Mary, who has just been offered an assistant head teacher’s post which she believes she secured after being inspired by the course, said: “Rosemary is truly inspirational because she motivates us and equips us with the right tools, so we in turn can motivate others in a very positive ripple effect.
“With Rosemary it is always about others. She teaches us how to be reflective and adaptable in the different kinds of situations we face.
“Most importantly she teaches us to be authentic; to have qualities and standards that are non-negotiable in the world of teaching.”
Life is now about to come full circle for Handsworth-born Rosemary who is returning to her parent’s Jamaican roots to make a new life in the western parish of Hanover later this year.
But it won’t be a case of putting her feet up, as she is already making plans to support one of her biggest mentors Elaine Foster-Allen, who is now Jamaica’s Permanent Secretary in the Ministry of Education.

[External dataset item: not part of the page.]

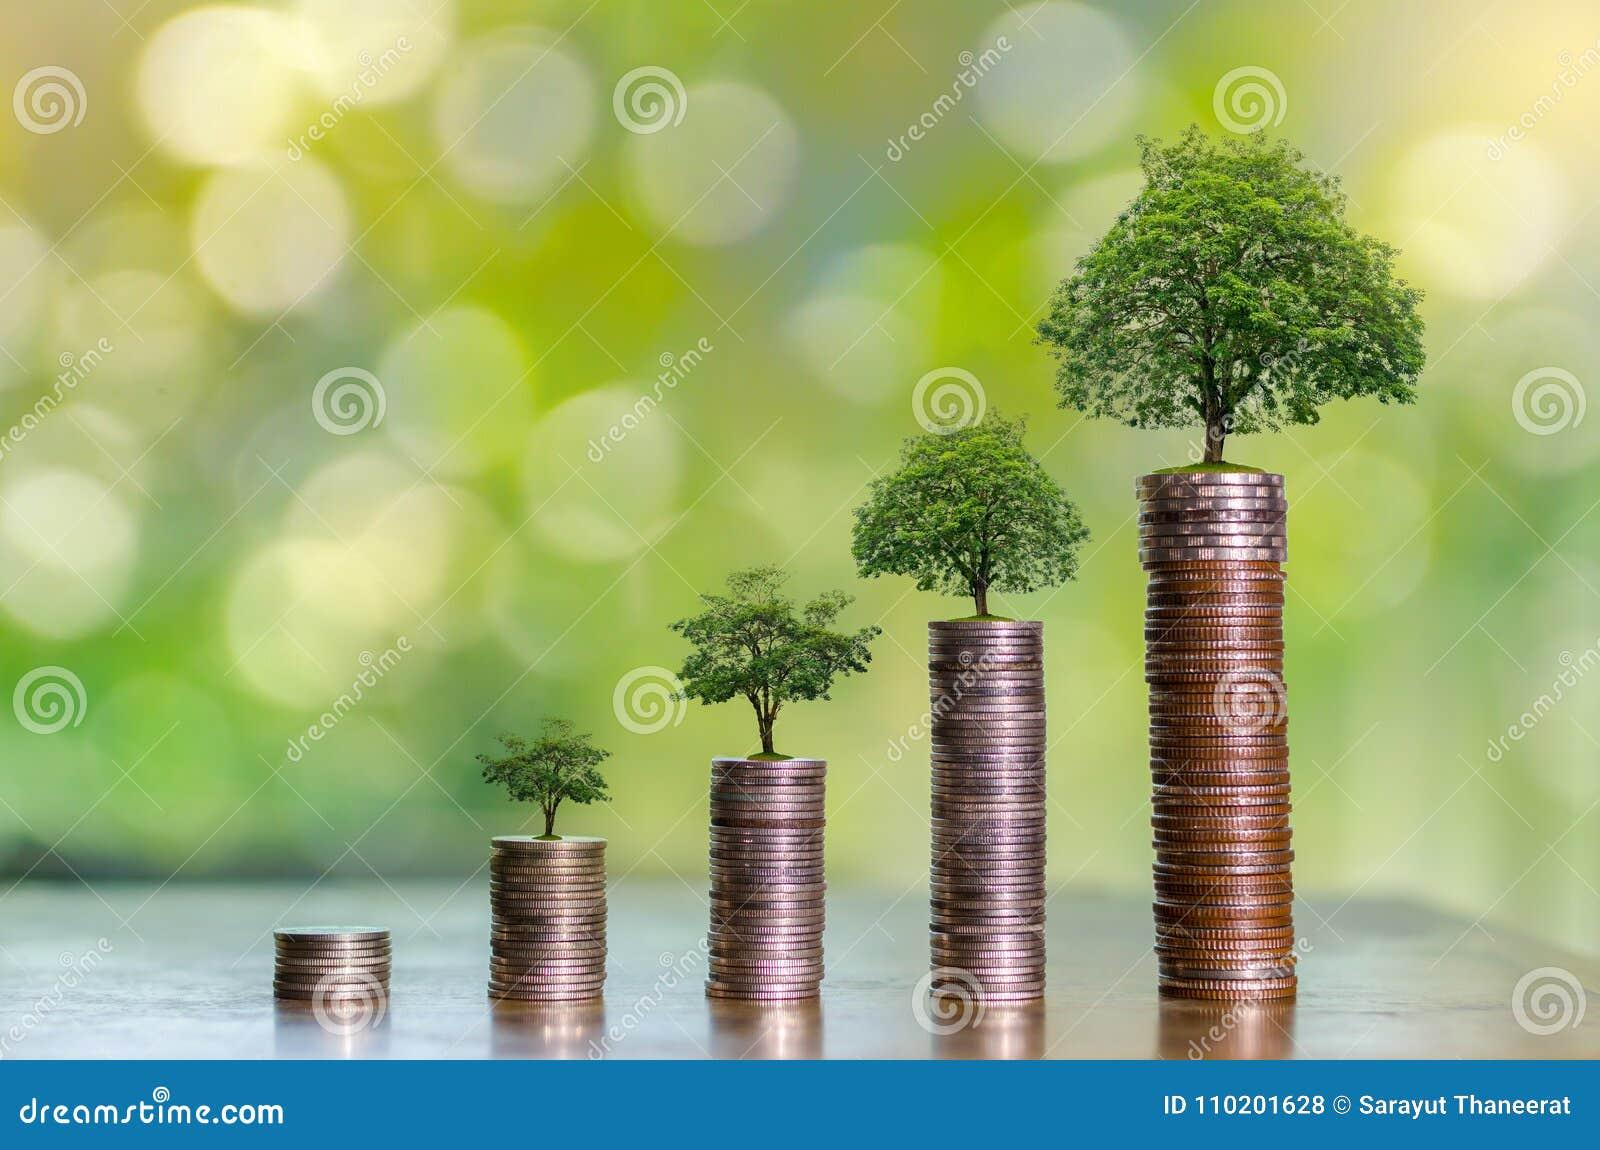 Dinheiro da economia do crescimento de dinheiro A árvore superior inventa o conceito mostrado do negócio crescente

“It’s something that my husband and I have been planning for a while and there is already a bit of a Campbell clan, my two older siblings, who have returned to live in our beloved JA,” explains Rosemary, whose husband William Stephens has just retired after a long career in the Probation Service.
“But we won’t be cutting our ties with Birmingham or the UK because we both still have close family here including my blessed mum, who is 89, and my youngest sister.
“I shall be coming backwards and forth for all kinds of things including the investiture for the MBE at Buckingham Palace, the precise date of which I have not yet received. I’m just going to try to slow down the pace a little.”
But for anyone who knows Rosemary, we all know there will be no slowing down.